AVAILABLE DATA

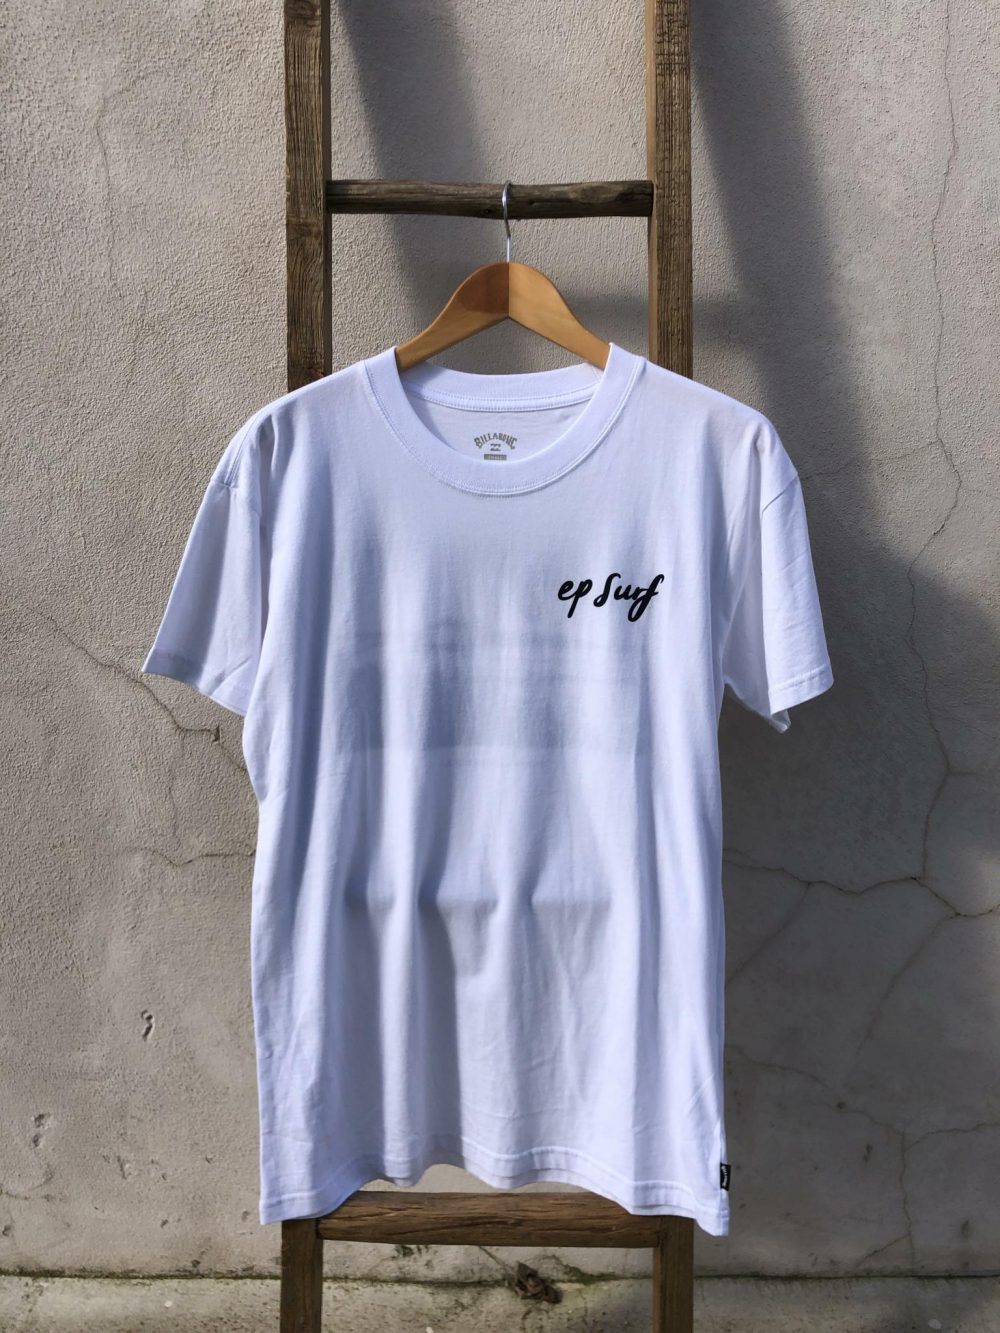 EPTMJETTY White/black Ep Surf Ep Tee M Jetty Mens Tops Clothing Clothing
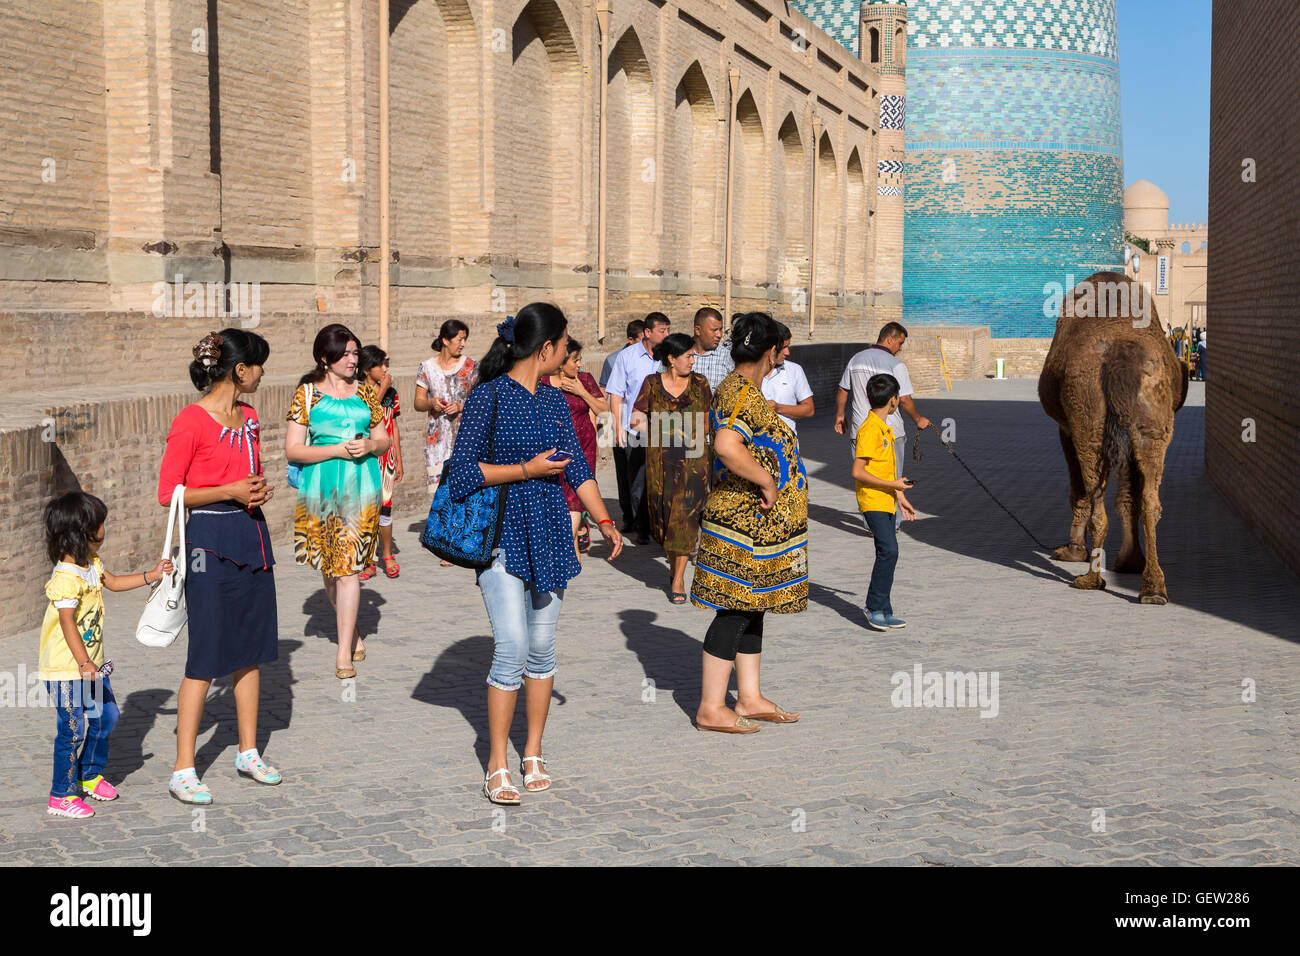 People looking at the camel in Khiva, Uzbekistan. Stock Photo
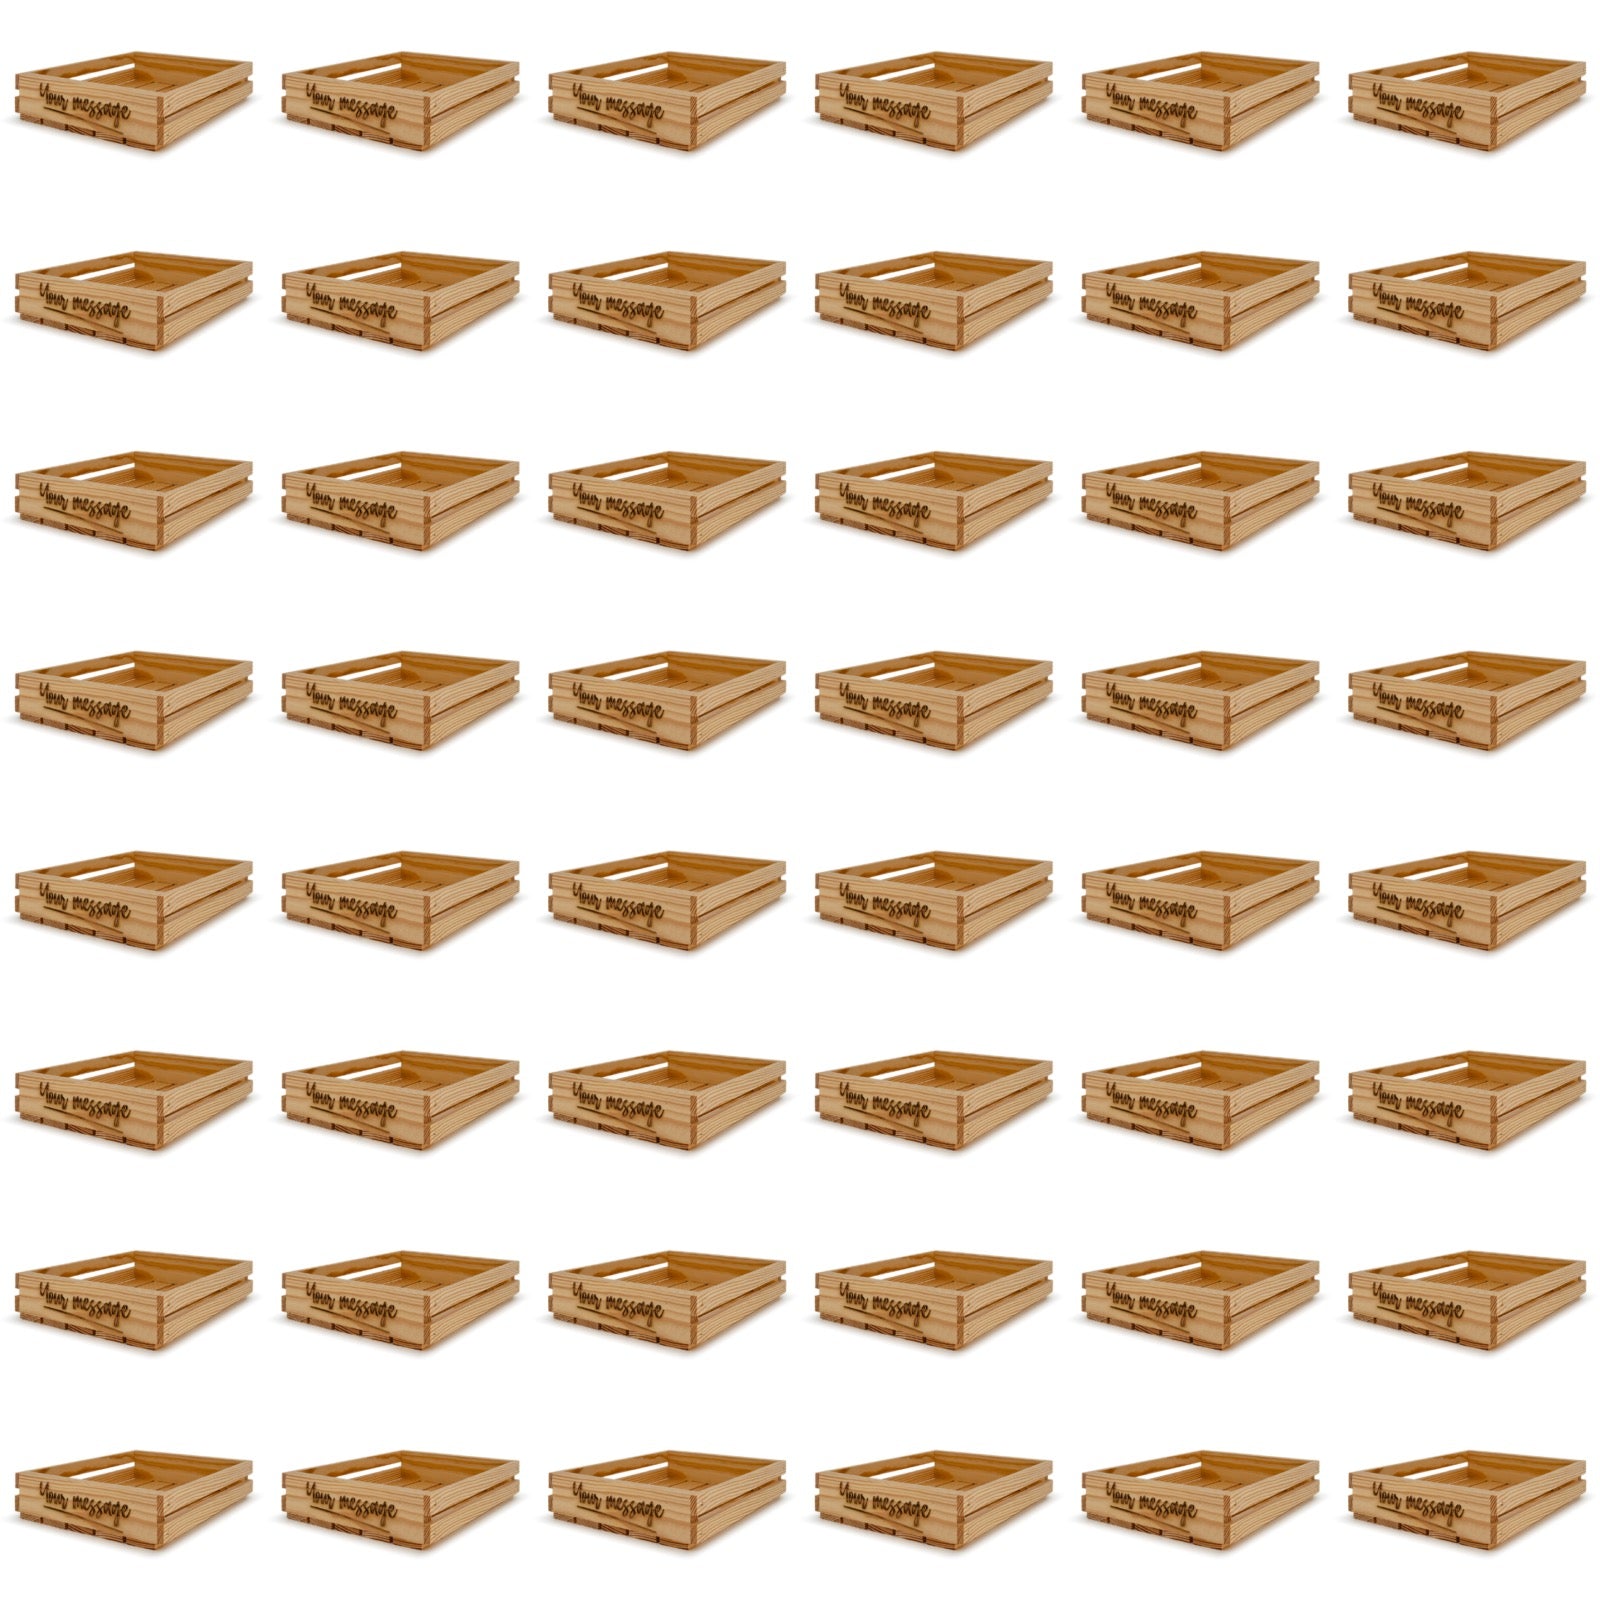 48 Small wooden crates 12x10x2.5 your message included
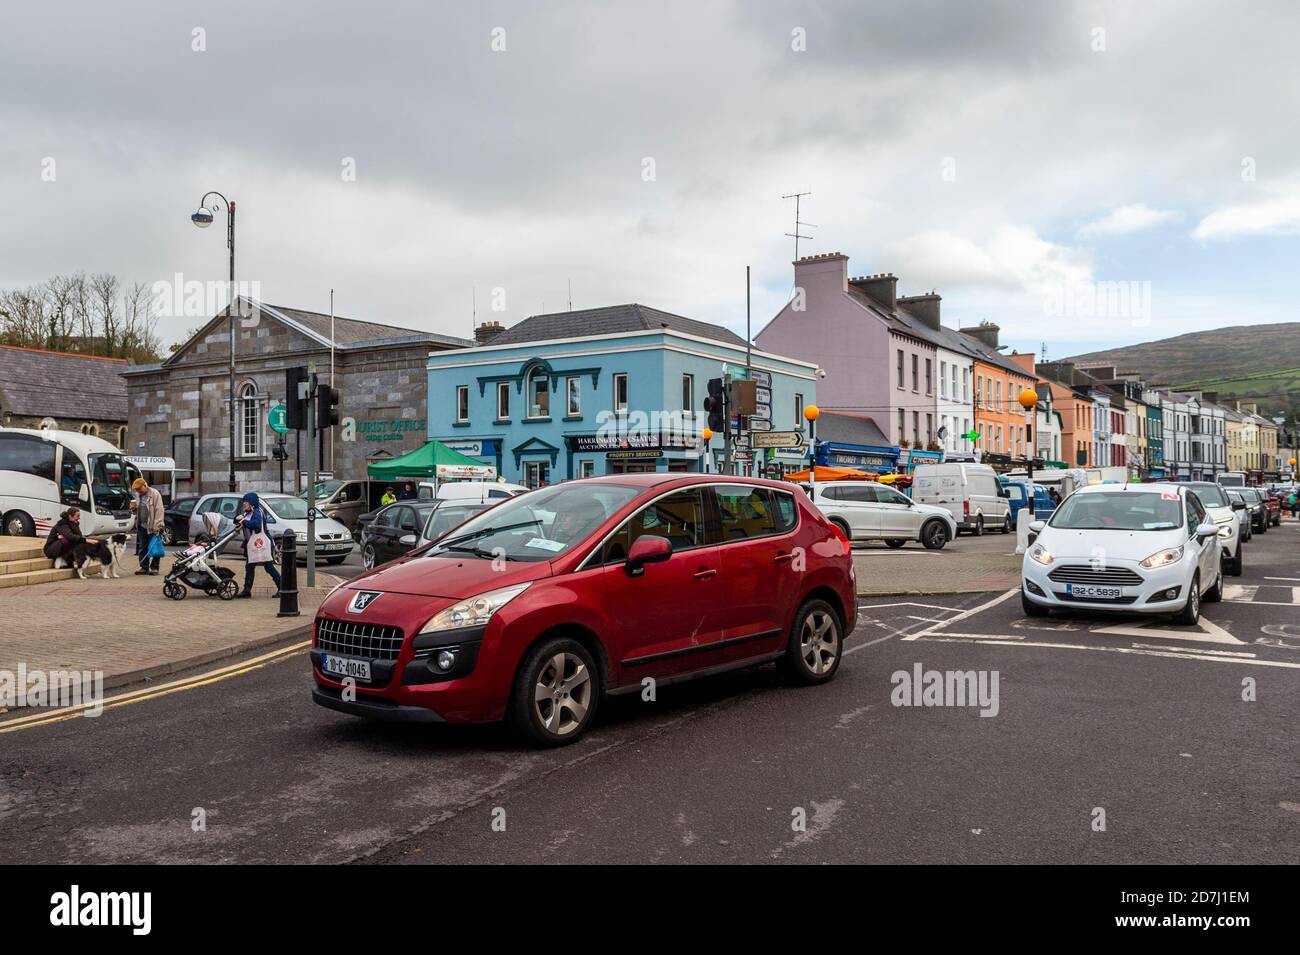 Bantry, West Cork, Ireland. 23rd Oct, 2020. Bantry Friday Market is operating today and is quieter than usual. However, traffic in and around Bantry was backed up with long lines of cars. Credit: AG News/Alamy Live News Stock Photo

AIM OF THE EXERCISE
The answer must be the lines above from the line that contains "48 Small wooden" to the final line of the data, word for word, with no pictures.

ANSWER SECTION
 48 Small wooden crates 12x10x2.5 your message included
 Bantry, West Cork, Ireland. 23rd Oct, 2020. Bantry Friday Market is operating today and is quieter than usual. However, traffic in and around Bantry was backed up with long lines of cars. Credit: AG News/Alamy Live News Stock Photo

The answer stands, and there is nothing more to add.